In 2007, the first full year of the Part D program, you hit the donut hole after you and your insurance company paid $2,400 in drug costs. You then had to pay 100 percent of the cost of covered drugs until you spent a total of $3,850 out of your pocket for the year.
Catastrophic coverage phase still exists. After spending $3,850 of your own money in 2007, you reached the catastrophic coverage level and then paid a small portion of your prescription costs.
A Kaiser Family Foundation study found that 32 percent of Part D enrollees reached the donut hole in 2007. Those who didn't get coverage from the Extra Help financial assistance program paid an average of $1,701 in out-of-pocket drug costs for the year.
The average out-of-pocket costs continued to rise, reaching $1,858 in 2010 until the donut hole started to close the following year.

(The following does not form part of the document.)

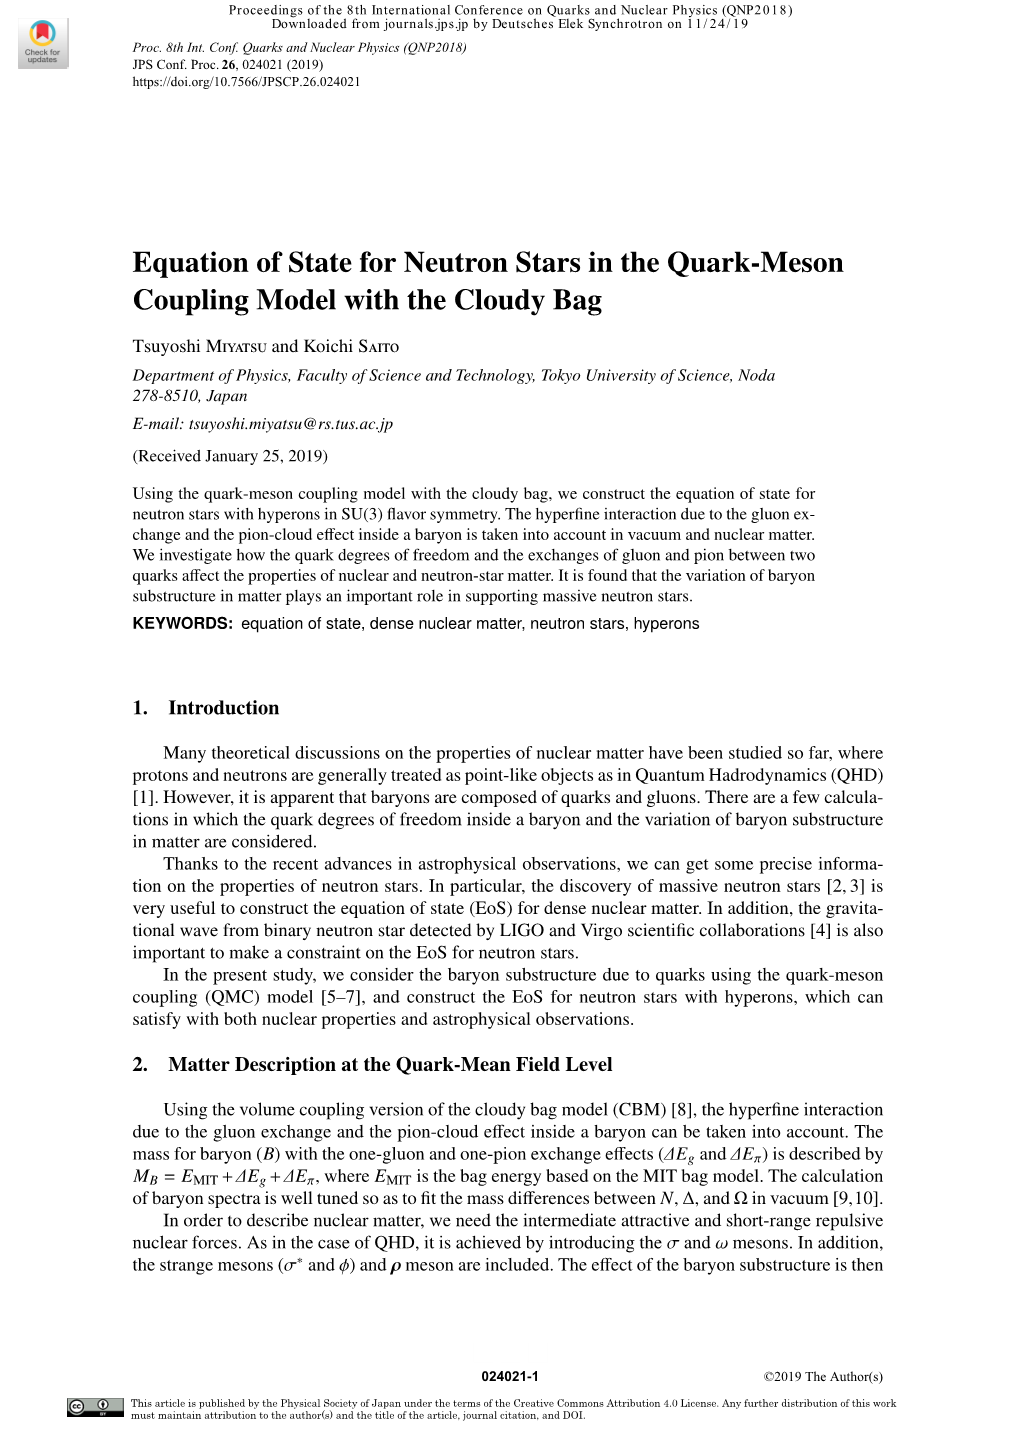 Equation of State for Neutron Stars in the Quark-Meson Coupling Model with the Cloudy Bag

When did the donut hole close?
The donut hole finally closed for good in 2020, having been phased out in 2019 for brand-name drugs and then in 2020 for generic drugs.
The Affordable Care Act enacted in March 2010 gradually reduced the share of costs people had to pay in the donut hole starting in 2011. Discounts from drug manufacturers and government payments helped to cover more costs over several years.
However, after you and your Medicare Part D prescription drug plan have spent a certain amount for your medications each year, you still must pay up to 25 percent of the cost of covered drugs. That's called the coverage gap.